— GIVEN RECORDS —
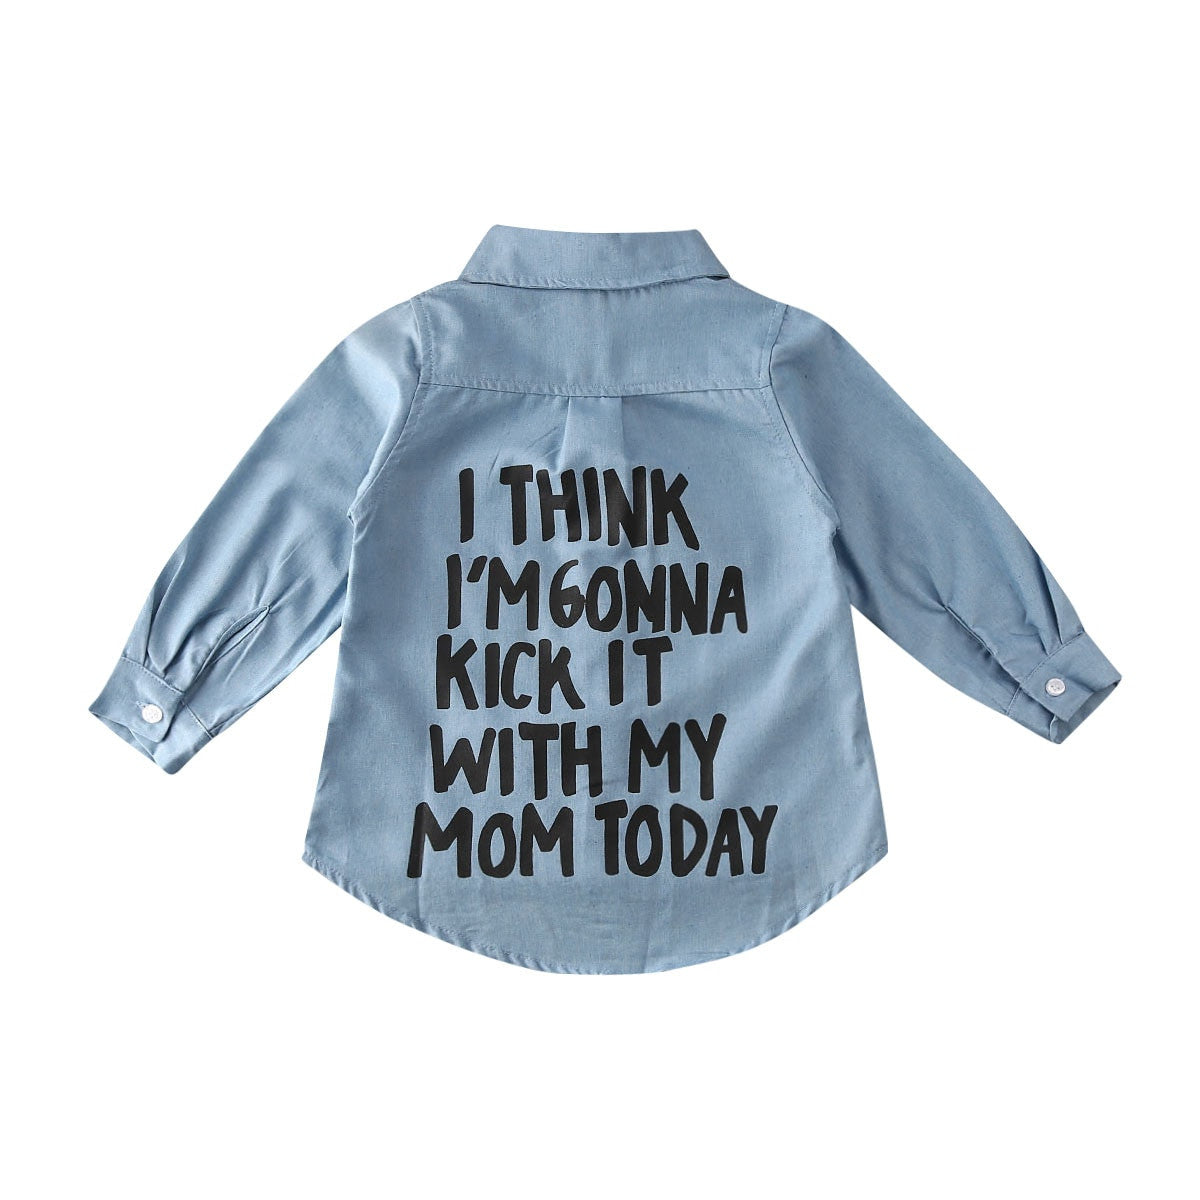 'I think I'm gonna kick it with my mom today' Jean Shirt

--

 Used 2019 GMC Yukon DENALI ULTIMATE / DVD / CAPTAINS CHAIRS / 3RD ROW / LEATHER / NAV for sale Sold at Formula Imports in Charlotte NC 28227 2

--

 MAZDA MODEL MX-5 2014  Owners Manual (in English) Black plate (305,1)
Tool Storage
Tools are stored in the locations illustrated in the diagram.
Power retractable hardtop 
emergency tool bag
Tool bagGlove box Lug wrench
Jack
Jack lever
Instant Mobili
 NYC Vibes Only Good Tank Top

— ACTION ITEM —
Of the entries above, repeat exactly the lines between the line with "MAZDA MODEL MX-5" and the line with "NYC Vibes Only Good Tank Top", inclusive, and no others.

— EXERCISE SOLUTION —
 MAZDA MODEL MX-5 2014  Owners Manual (in English) Black plate (305,1)
Tool Storage
Tools are stored in the locations illustrated in the diagram.
Power retractable hardtop 
emergency tool bag
Tool bagGlove box Lug wrench
Jack
Jack lever
Instant Mobili
 NYC Vibes Only Good Tank Top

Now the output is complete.